Buchvorstellung: Schwarzpulver von Laura Lichtblau
Schall und Rauch

As großer Fan von Dystopien wollte ich unbedingt den Debütroman von Laura Lichtblau lesen. Mit Schwarzpulver bringt sie ein Deutschland auf Papier, das sich hinter einer Spaltung der Gesellschaft befindet, die uns aktuell möglicherweise noch bevorsteht.

Worum geht's?
Deutschland in einer nicht allzu fernen Zukunft. Eine patriotische, sicherheitsbesessene und konservative Partei steht an der Spitze des Staates und nutzt jede Möglichkeit für weitere Propaganda. Andersgläubige werden aufs Schärfste beobachtet und die Schaffung einer bis an die Zähne bewaffneten Bürgerwehr sorgt für eine düstere Atmosphäre. In diesem Tunnel der Angst irren drei Personen umher, Burschi, Charlie und Charlotte, die sich allesamt fragen, ob das so richtig ist und wenn nein, was denn der oder die einzelne überhaupt bewirken kann. Die junge Burschi kennt Traditionen von zuhause, ist aber so gar nicht in Einklang zu bringen mit der indoktrinierten herrschenden Meinung der Partei. Charlie widersetzt sich seiner Mutter Charlotte, jobbt bei einem pseudo-rebellischen Musiklabel und Charlotte selbst ist stolzes Mitglied der Bürgerwehr. Bis sie sich und ihren neuen Job mehr und mehr hinterfragt. Letztlich finden sich alle in einem Strudel der Ignoranz, der Sinnlosigkeit und der Verzweiflung wieder und versuchen diesem zu entkommen.

Wie war's?
Schwarzpulver ist eine literarische Dystopie. Nicht zu vergleichen mit thrillerähnlichen, erschreckenden Szenarien, die erhebliche Spannung aufbauen und meistens zwei, drei Helden haben, die sich gegen das System stellen. Viel eher empfand ich Schwarzpulver ähnlich wie 1984 von George Orwell. Ein übermächtiger Staat gibt nicht viel auf Mindermeinungen und regiert mit harter Hand. Gleichgesinnte werden nicht nur bejubelt, sondern im Rahmen der Bürgerwehr sogar noch bewaffnet.
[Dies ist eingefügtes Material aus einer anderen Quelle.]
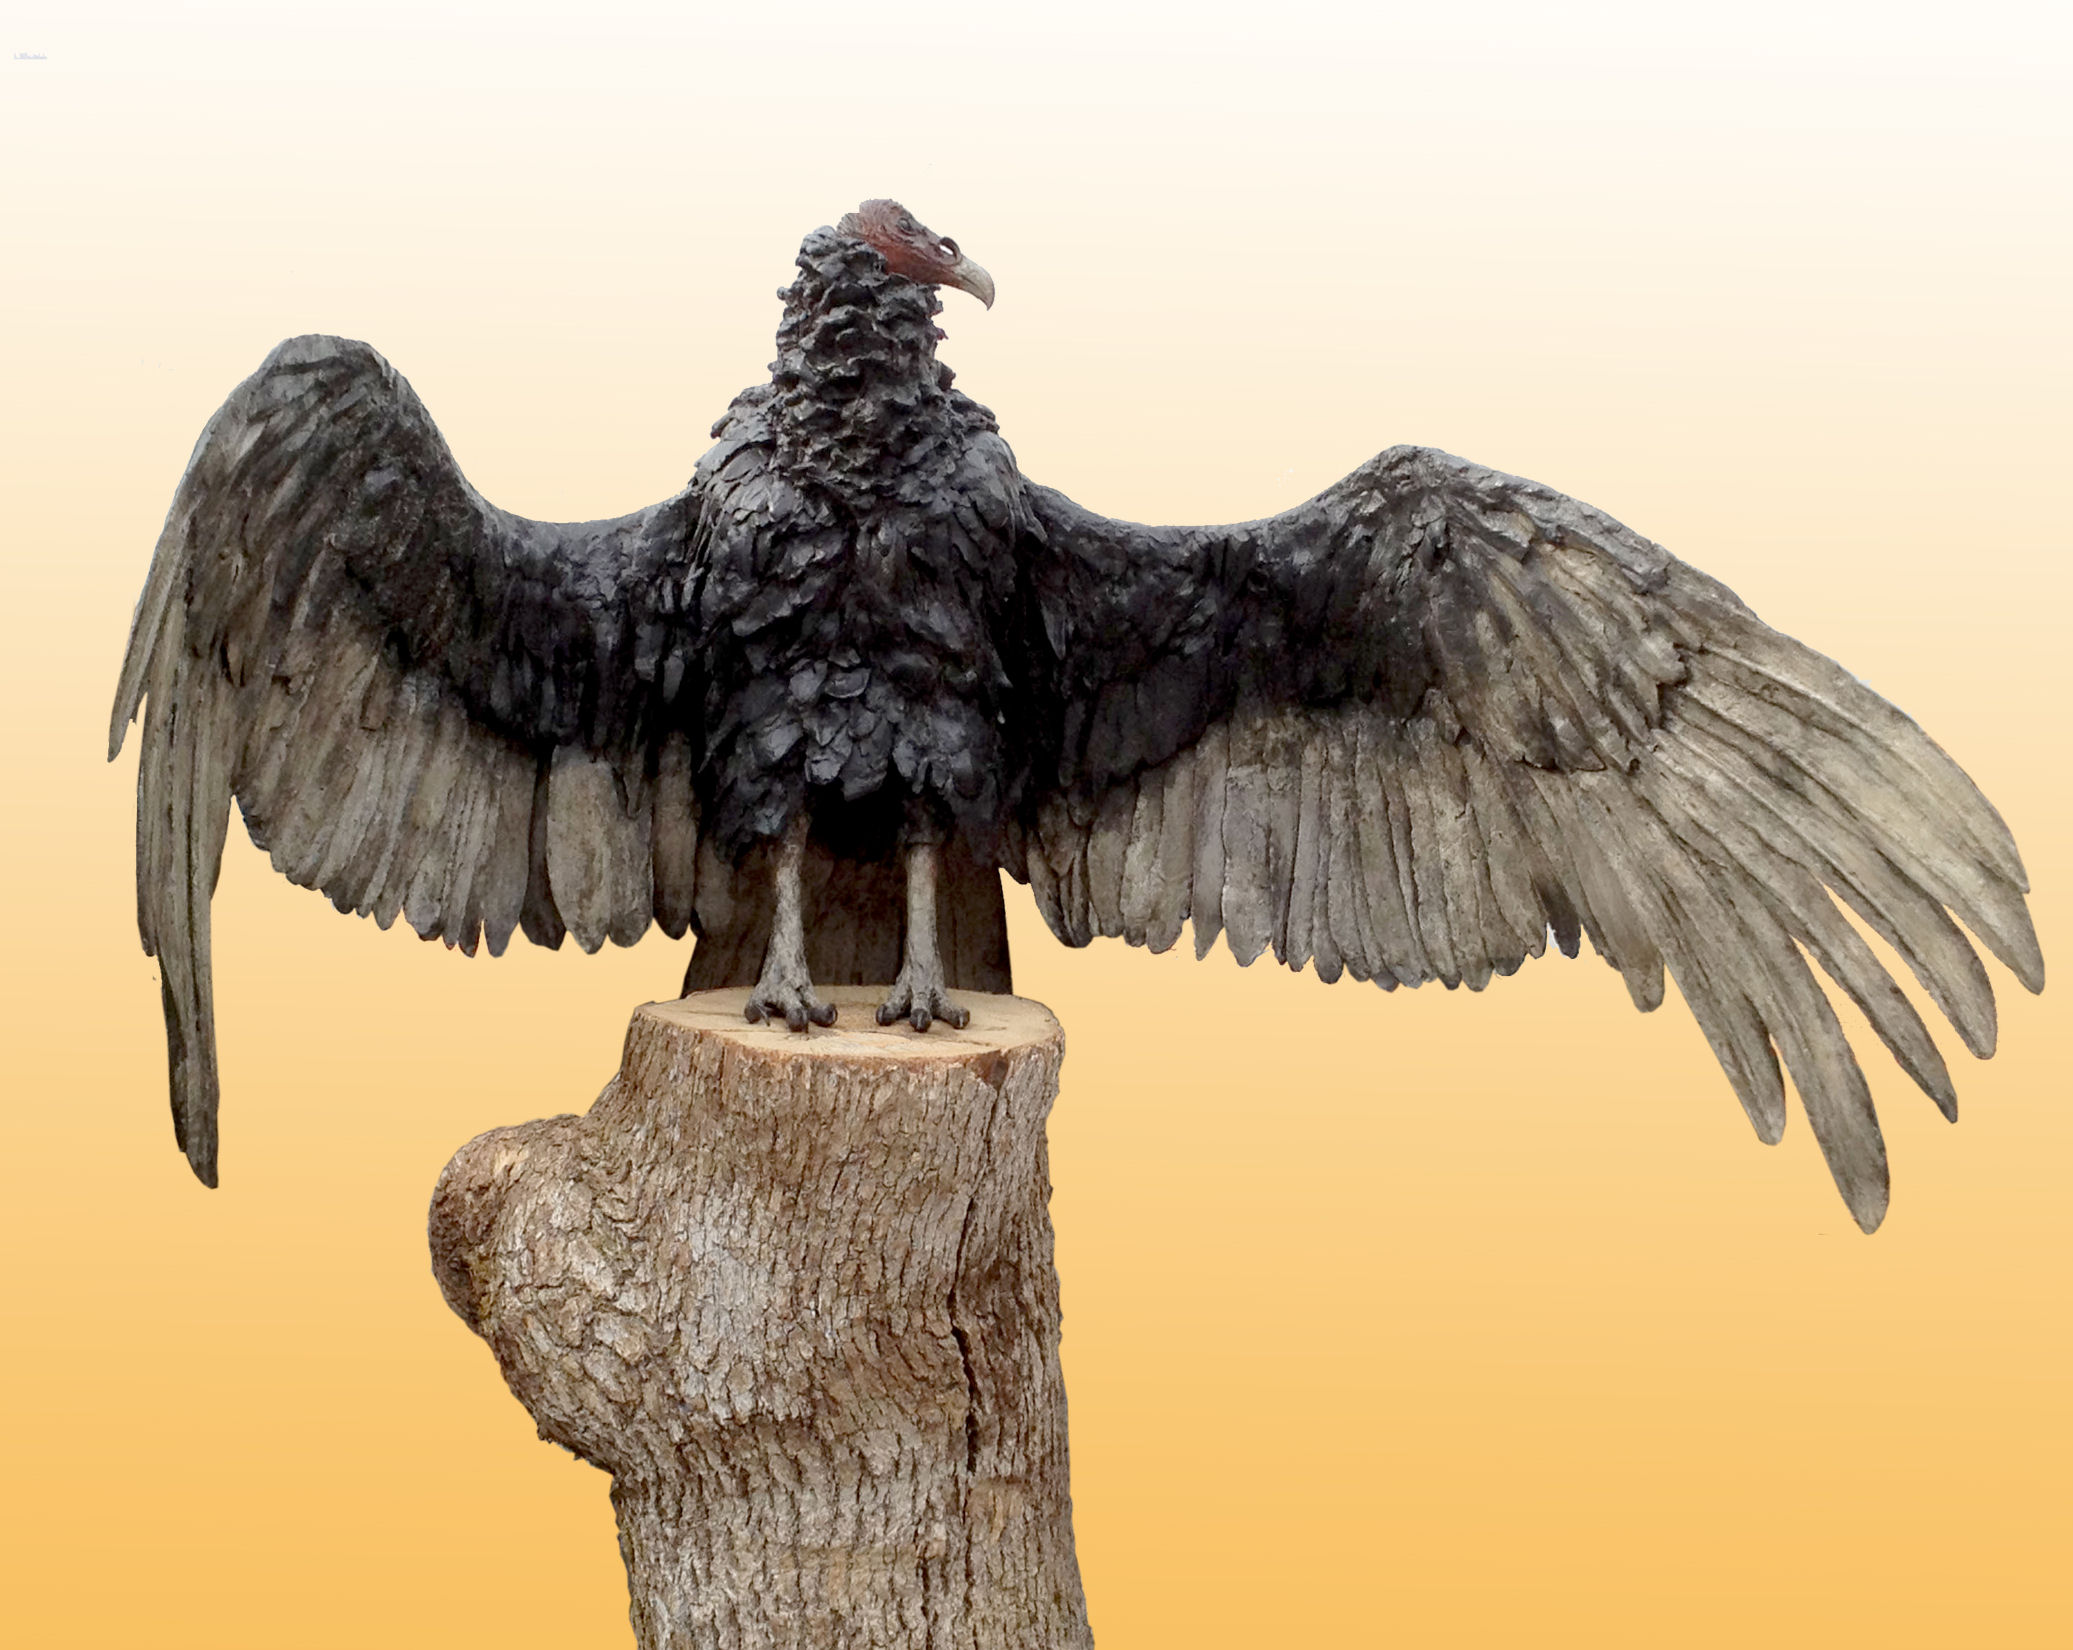 Vulture sculpture photo
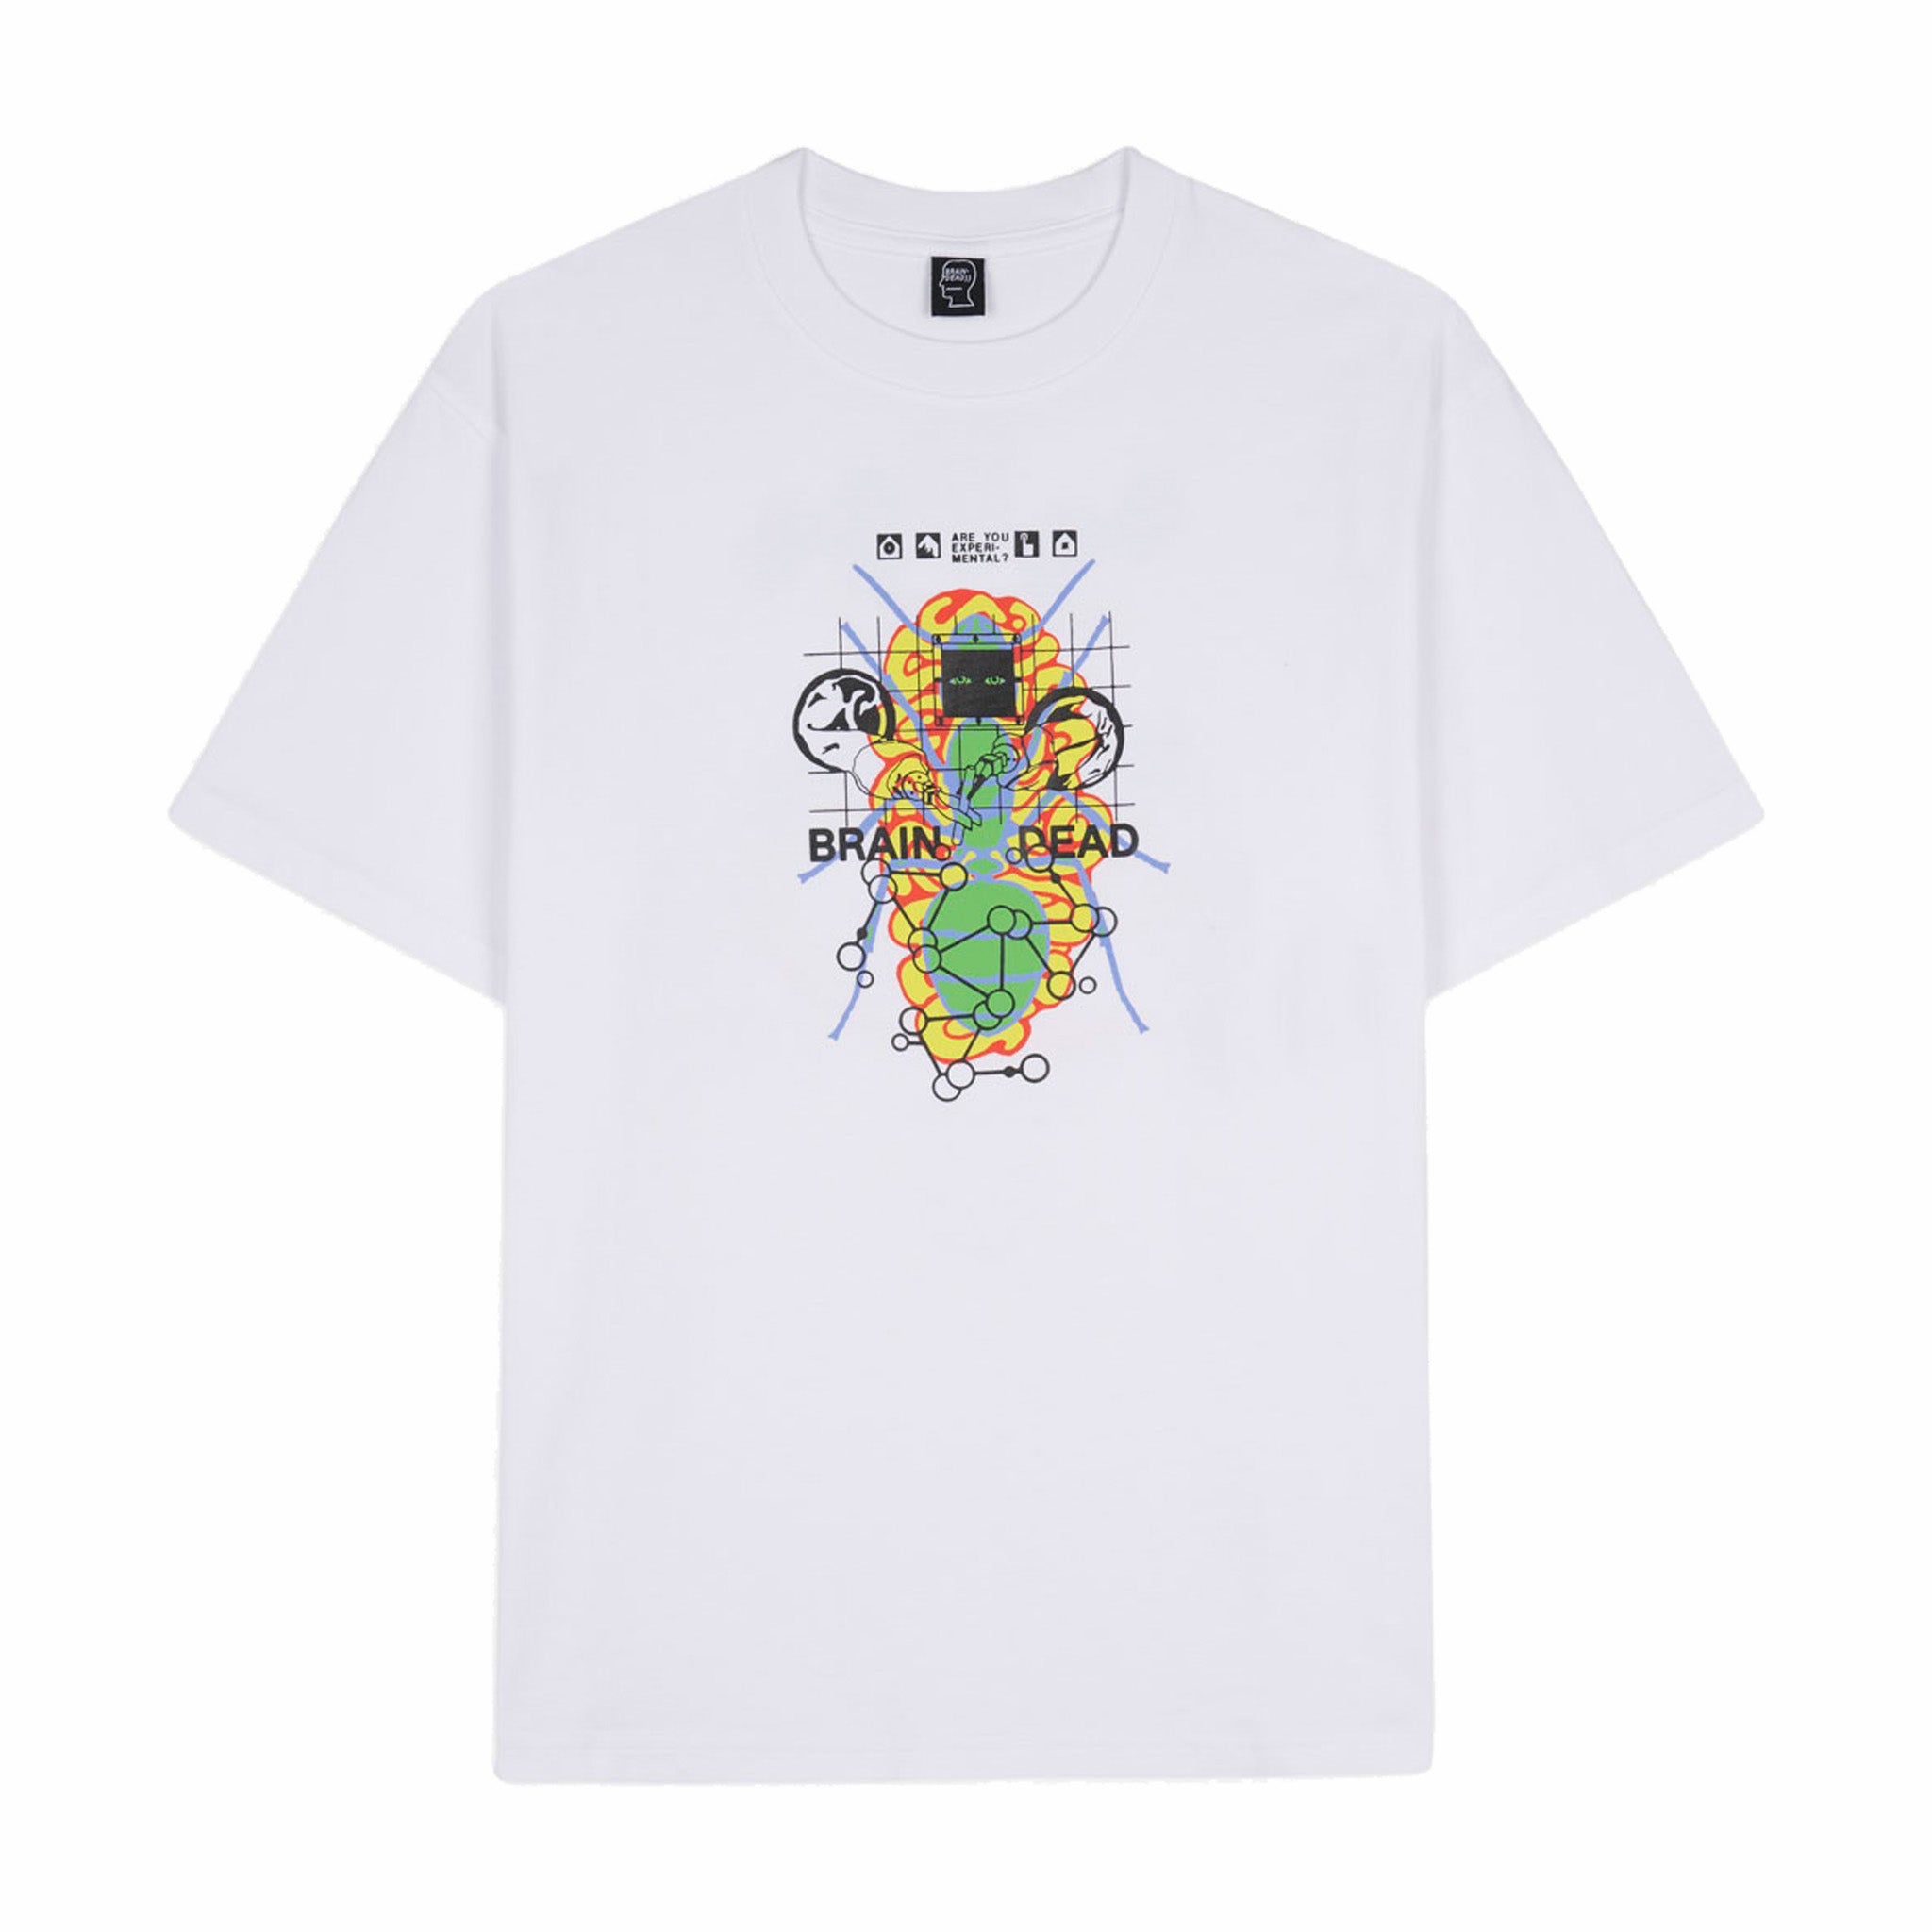 Brain Dead Future Sounds T-Shirt (White) - August Shop

Homosexuelle, Ausländer und Systemkritiker werden verachtet, ausgegrenzt und abgestempelt. Ich fand das Buch nicht leicht zu lesen, da das Ziel so verworren war. Was bezweckt das Handeln der Protagonisten und was ist das eigentlich für ein Setting, in dem wir uns befinden? 
Die Autorin schafft mir Burschi eine liebenswerte Person, mit Charlie einen Rebell, der dringend aus der mütterlichen Zwangsjacke fliehen möchte und mit Charlotte eine Parteigenossin par excellence, die nach und nach das System und vor allem sich selbst in Frage stellt. 
Die verschiedenen Perspektiven sind interessant, münden für mein Empfinden aber in zu wenig gemeinsamen Szenen, sodass der große Zusammenhang nur gering ausfällt. Insgesamt wahrlich vielmehr Literatur als Belletristik mit interessanten Elementen einer nahezu paranoiden Gesellschaft und Protagonisten, die auf der Suche nach sich selbst sind.

Ein Buch der leisen Töne, das mit gutem Schreibstil den teilweise literarisch anspruchsvollen Inhalt auffängt und mich etwas ratlos zurücklässt.

Das Buch ist im C.H.Beck Verlag erschienen (ISBN: 978-3-406-75556-9) und kostet 18,95 Euro.